Sunday Feb 28, 7:30, the Festival will close with one of our most popular groups. Cantigium has made a name for themselves over the past couple of years by going back further than anyone else, back to the earliest examples of written music we have. Their spot-on harmonies and fearless grappling with medieval languages have taken audiences to other places entirely. This year they will stretch their range even further, by mixing in modern music written in homage to the ancient. They will also take us to a new venue for the Festival, St. Boniface in Northside, free.  http://catacoustic.com/event/cantigium-vocal-ensemble/?instance_id=359

Tuesday, February 16, 2016

CCM Early Music Lab Sampler Concert




UC-CCM is one of the top music schools in the country. Although it does not yet have a full-blown early music program, the students are expressing increasingly urgent interest in the centuries before Mozart, and
that’s where the Early Music Lab comes in. A student who is majoring in conducting, or French Horn, or musicology, can study lute with Rod Stucky, harpsichord and organ with Michael Unger, and viola da gamba with Annalisa Pappano. And the numbers of students who are taking advantage of this opportunity are swelling. It’s extremely rare that this loose affiliation comes together, but on Feb 26 they will do just that, in service to a cause.

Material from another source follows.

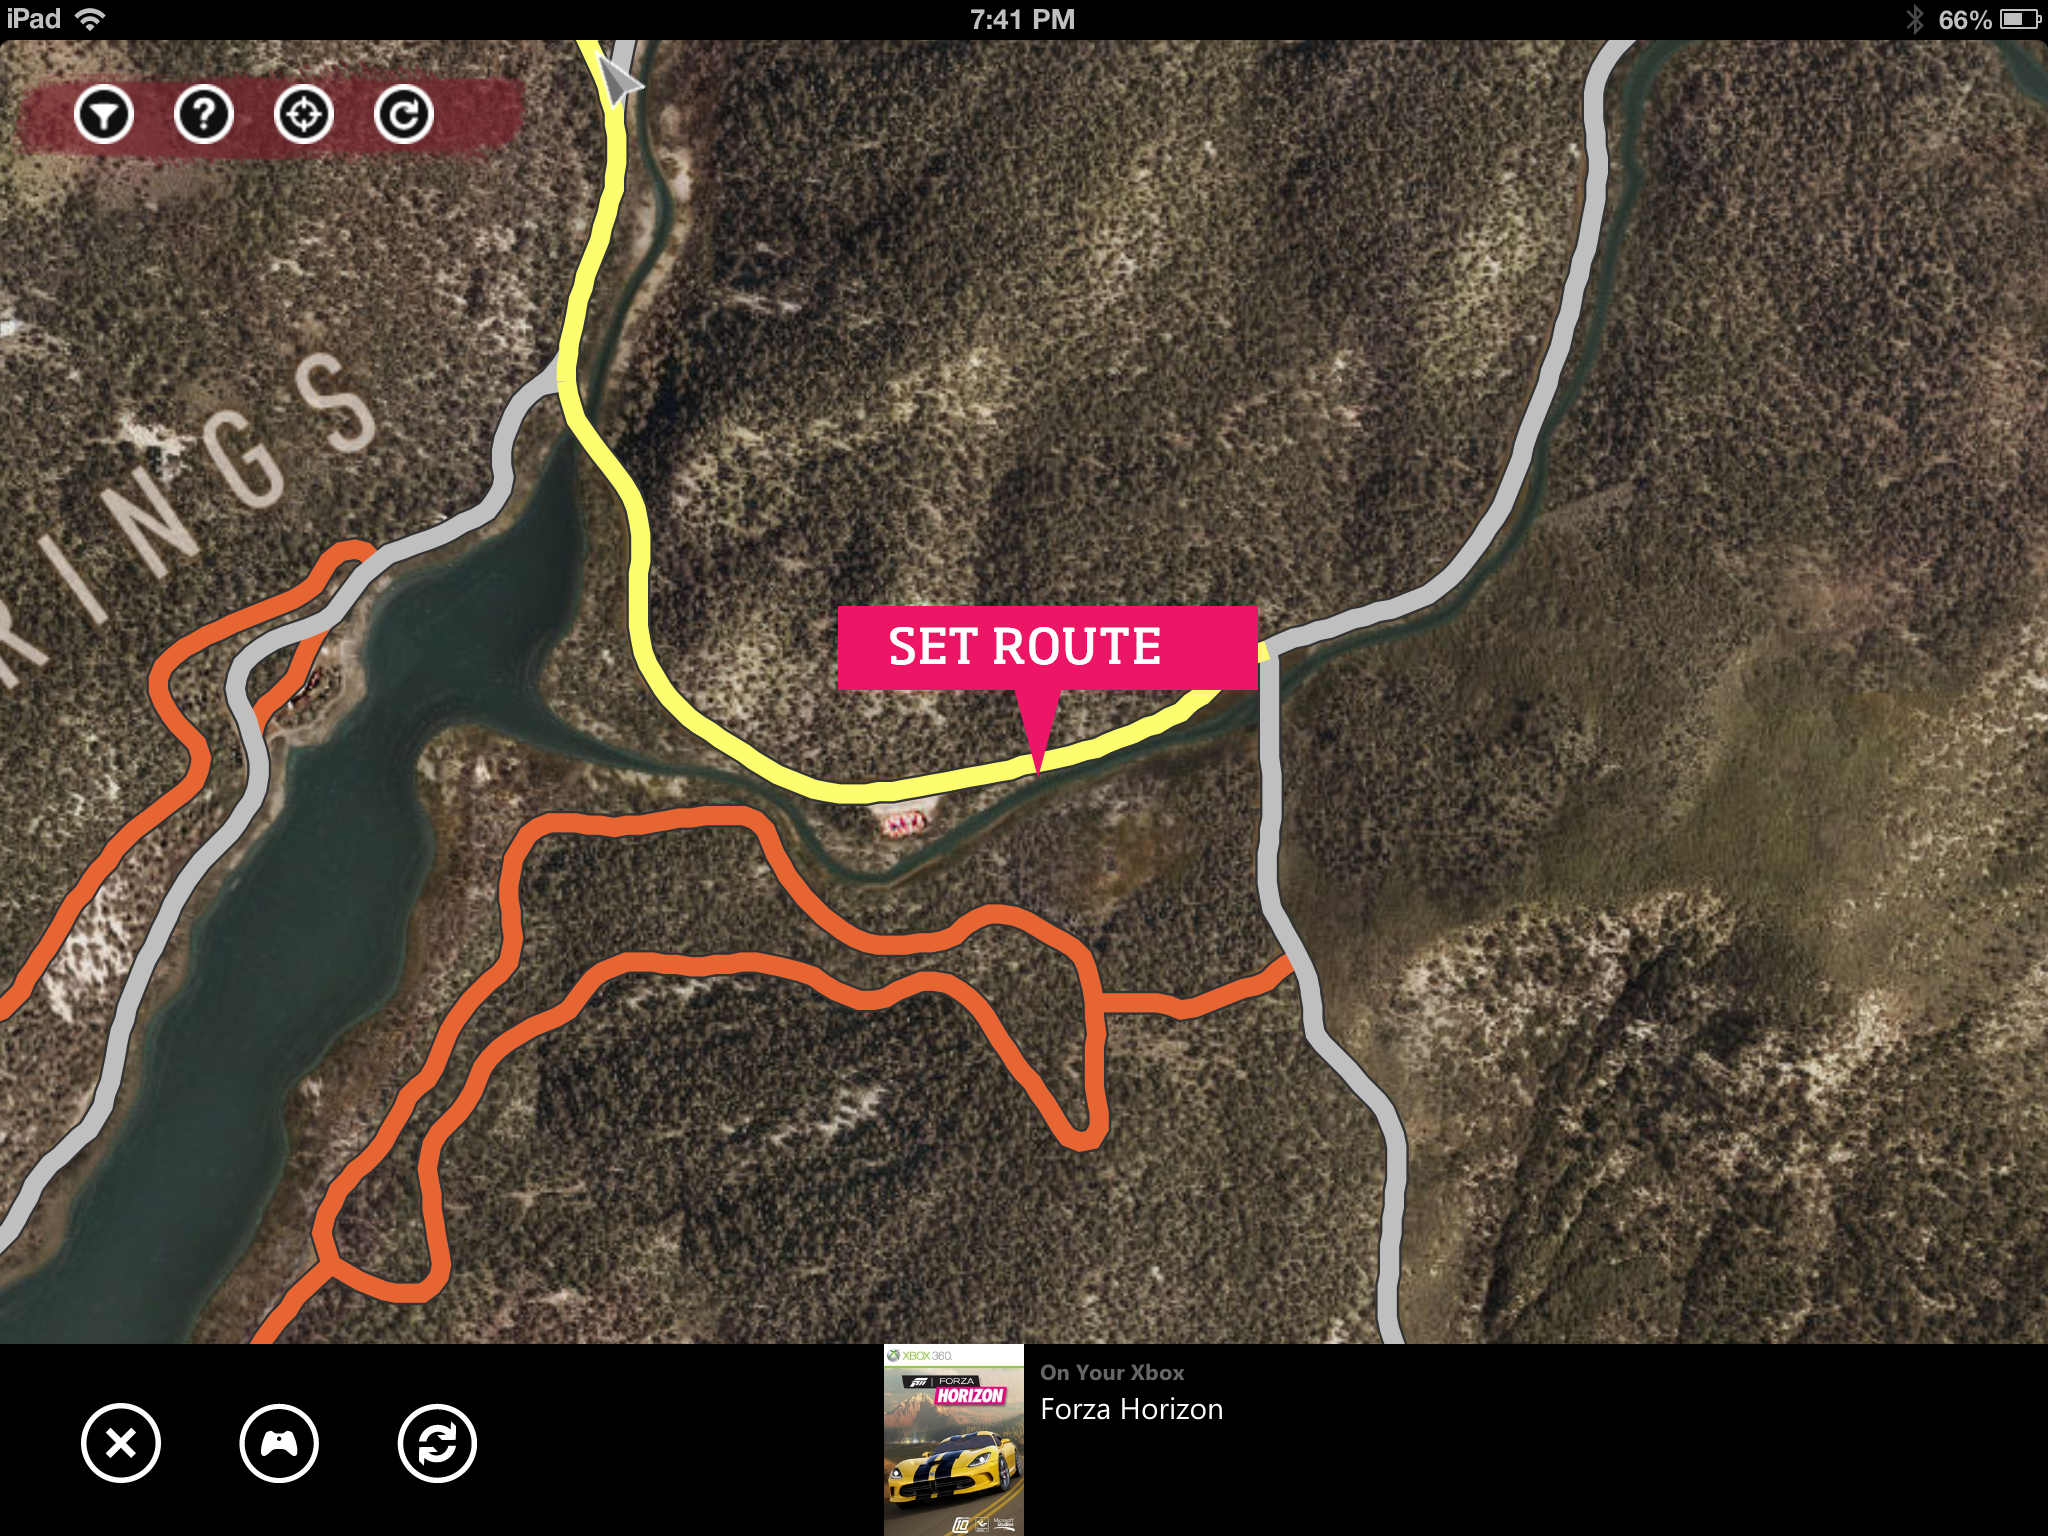 A view of the map in Forza Horizon via Xbox SmartGlass

Prince of Peace Lutheran is one of the oldest churches in town, completed in 1871. Its story reflects the story of Cincinnati’s urban core: a once thriving church saw its congregation shrink as people moved to the suburbs, and the money to maintain a huge aging building became scarce. Rather than folding, as many a church was forced to, the people of this parish turned their energies toward the work they could do. They moved all their activities to street level (the second-story sanctuary was condemned in the 1980s) and met the needs of the neighborhood with a full range of services for the urban poor. Now, in the 2010s, the neighborhood of Over-the-Rhine is changing again, there is a streetcar stop right outside the door, and forgotten spaces are being reclaimed. The basement and undercroft were first to be rehabbed, so the neighborhood mission can continue and improve. The sanctuary is being revived even as I write this, with a finishing date of early February. And that will take them to the organ, a historically significant example of American organ-building, constructed right here in Cincinnati by Koehnken & Grimm. Bloody but unbowed, this amazing instrument can be restored with your help.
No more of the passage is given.